New Delhi, Sept. 26: The government has notified anti-avoidance tax rules GAAR that will be effective from April 1, 2016. The notification was made on September 23, just two days ahead of Prime Minister Manmohan Singh’s visit to the US.
The provisions of the General Anti-Avoidance Rules (GAAR) will apply to entities getting a tax benefit of at least Rs 3 crore, the Central Board of Direct Taxes said in the notification.
In the US, Singh is expected to face protests from business entities over India’s perceived anti-American stance on matters of taxation, intellectual property rules and market access.
The notification is seen as a way to assure the US and foreign firms that they can continue to do business by taking advantage of tax havens such as Mauritius without being impacted by GAAR.
In its original form, GAAR was seen as draconian and had scared away millions of dollars in investments from the Indian stock market after it was proposed last year.
A committee under Parthasarathi Shome reviewed the rules and diluted provisions were made public in January.
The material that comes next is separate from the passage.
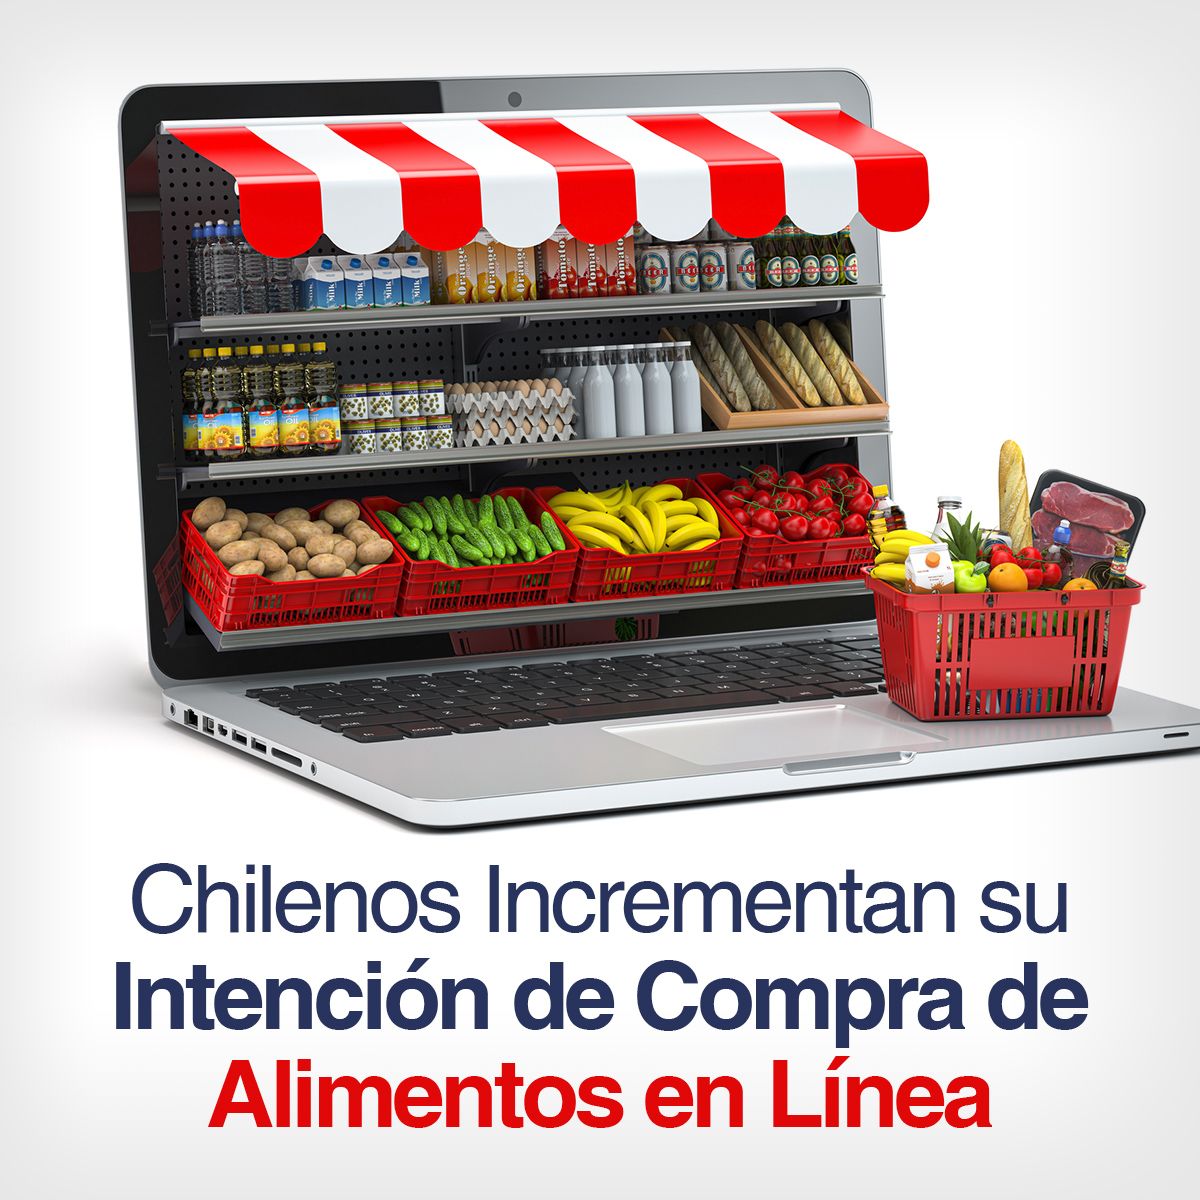 Chilenos Incrementan su Intención de Compra de Alimentos en Línea

Analysts expect the notification to pep up the bourses and reassure long-term investors.
According to the notification, the GAAR provisions will also apply to foreign institutional investors (FIIs) that have claimed benefits under any double taxation avoidance agreement.
Investments by a non-resident by way of offshore derivative instruments, or P-Notes, through the FIIs, will not be covered by GAAR.
Investments made before August 30, 2010, will not be scrutinised under GAAR, the notification said.
Before invoking the provisions, the assessing officer has to “issue a notice in writing to the assessee seeking objections, if any, to the applicability of provisions”.
“Stock markets will have a lot to cheer as the FIIs, which do not seek to avail themselves of the treaty benefits, will not be subjected to GAAR. Similarly, investment in participatory notes will not be subject to GAAR,” Deloitte Haskins & Sells Partner N.C. Hegde said.